25 Years, Uncelebrated

low tide
low tide

I imagined a big celebration for our 25th–enacted “back home” at the shore with extended family & old friends–but that’s as far as I got. It was very sweet. There were strawberries. Dark chocolate. Tequila. And nachos (our first, favorite food together.) There was a ceremony, honoring the divine feminine and masculine (very unusual for the Jersey shore.) And there words like those below, shared by loved ones.

But I realized that I preferred it my imagination without the practicality and inevitable complication of pulling it altogether.

Alternately, I imagined a big trip, like our friends took for their 25th–to Greece!–but that didn’t happen either.

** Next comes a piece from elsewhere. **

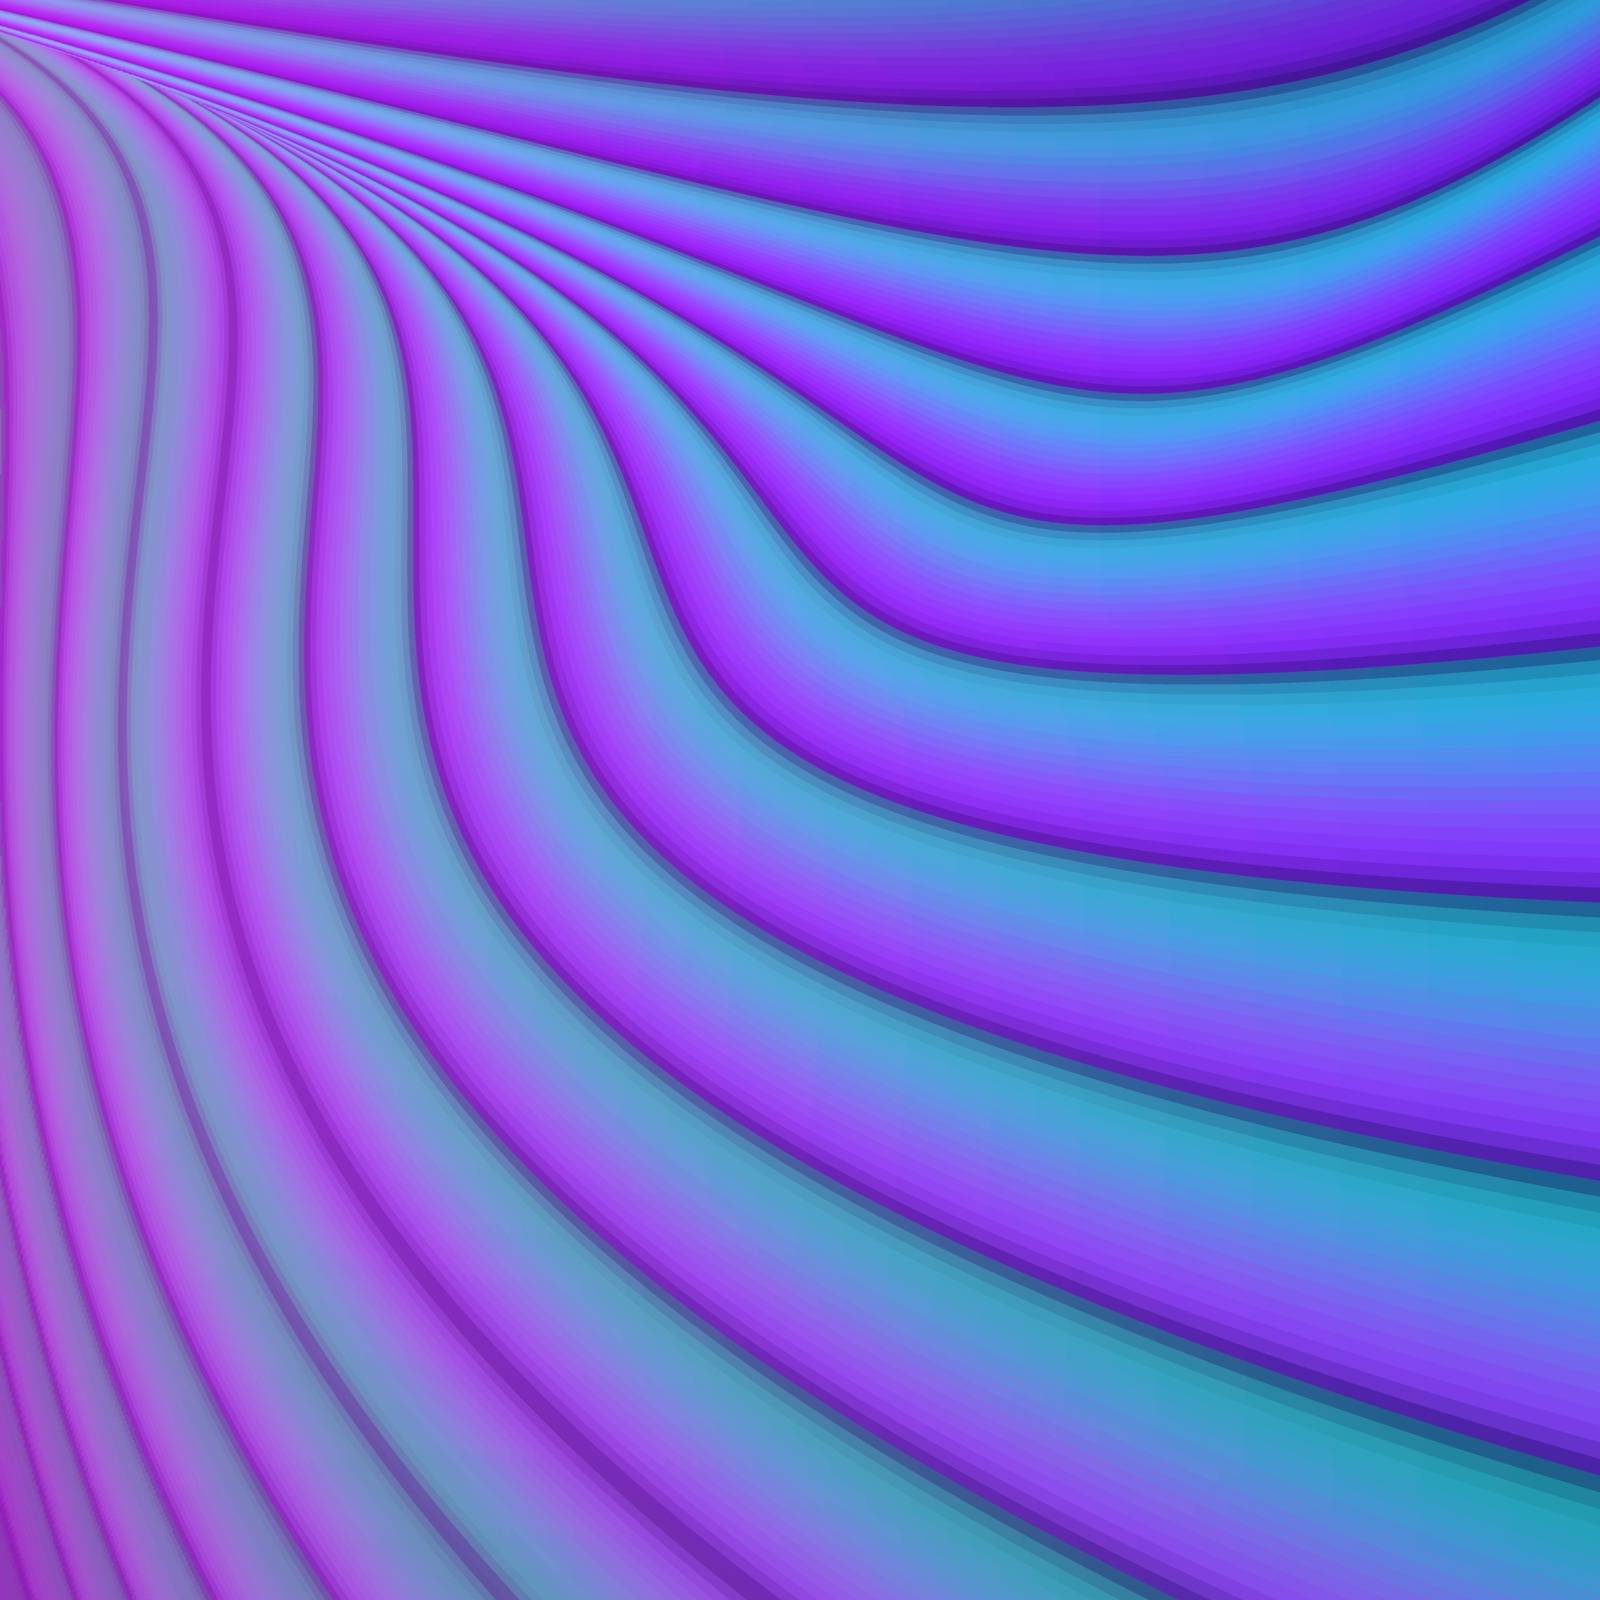 Blue and purple colored abstract lines texture background.

Our 25th anniversary year has been a shy one. Simmering. Gently expanding perhaps. Especially at this time of year–summertime–when the living is easy–and when we first fell in love with one another–a much sweeter time than our troubled nuptials.

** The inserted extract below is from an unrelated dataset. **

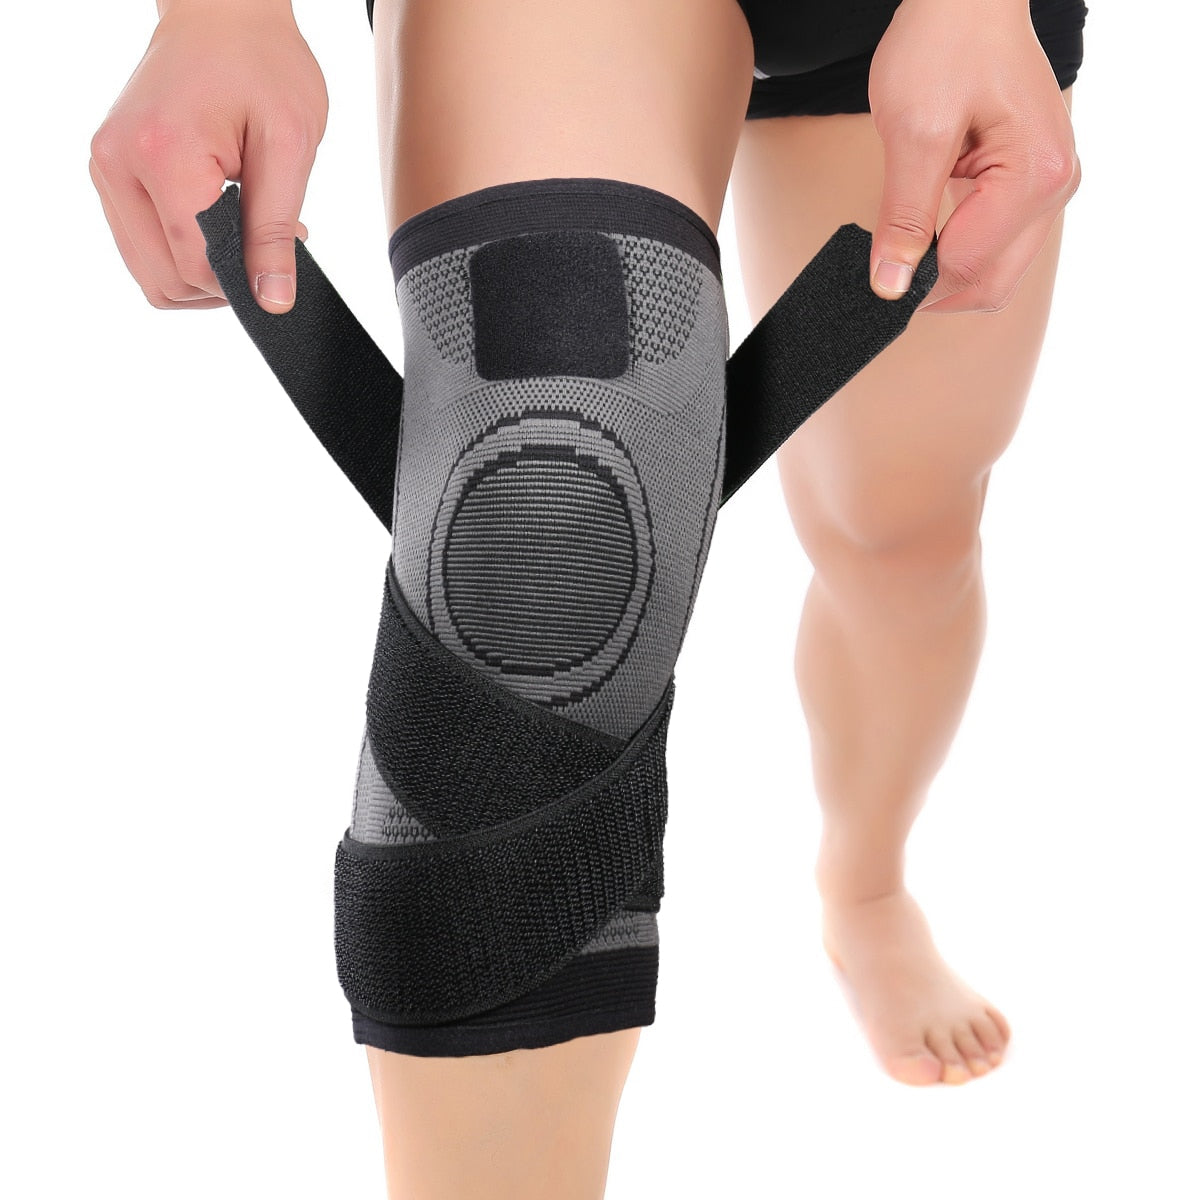 Compression Full Leg Sleeves, Knee Sleeves With Elastic Straps For

It’s as if I’m waiting. For the right moment. The compelling knowing. The path to emerge from the earth itself. Like the mystery of love bubbling up inside a soul.

If I look back on this blog, I see that our marriage entered a period of turbulence, this time last year. I’d say it’s still here, though in its denouement.

We were cycling out of another turbulent period like this  one when we celebrated our last big milestone, here in the mountains. Most of our family couldn’t make the 300 mile trip, but after knowing us for a scant decade and a half, local friends came out in hoards–70 of them–to celebrate love and commitment and the realities of relationship at the 21 year mark.

After we undid our vows, our neighbor spoke these words:

… Over a sixteen-year span, I saw more than just two people in love. I saw clearly what Kelly calls “The Marriage Journey”, and I saw more. I saw children born and the evolution of dwelling and place, times of both pulling in and reaching out. I witnessed them in scarcity and abundance, physical separation and togetherness. Between Kelly and Casey, there exists mutually the exploration of passion: the passion they have for each other, as well as, the passion for their individuated paths, the ones on which they strike out more and more as they mature into a couple made up of two living as one, one living as two, and of course the couple as pillars to their families.

And so, Kelly and Casey, on this day of rapture, this joyous honoring of your past, your present, and your future, I speak for us all, when I share this stanza from Little Gidding by TS Elliot, an esteemed wordsmith, who, like the two of you, made his life’s work a homage to both soul and society…

We shall not cease from exploration
And the end of all our exploring
Will be to arrive where we started
And know the place for the first time.
Through the unknown, unremembered gate
When the last of earth left to discover
Is that which was the beginning;
At the source of the longest river
The voice of the hidden waterfall
And the children in the apple-tree
Not known, because not looked for
But heard, half-heard, in the stillness
Between two waves of the sea.
Quick now, here, now, always—
A condition of complete simplicity
(Costing not less than everything)
And all shall be well and
All manner of thing shall be well
When the tongues of flames are in-folded
Into the crowned knot of fire
And the fire and the rose are one.

There’s some secret in there that I long to know. Perhaps it points the way to us in this remarkable, long-term relationship that inspires others and nourishes ourselves and terrifies me in all the ways it might end, including that inevitable–death.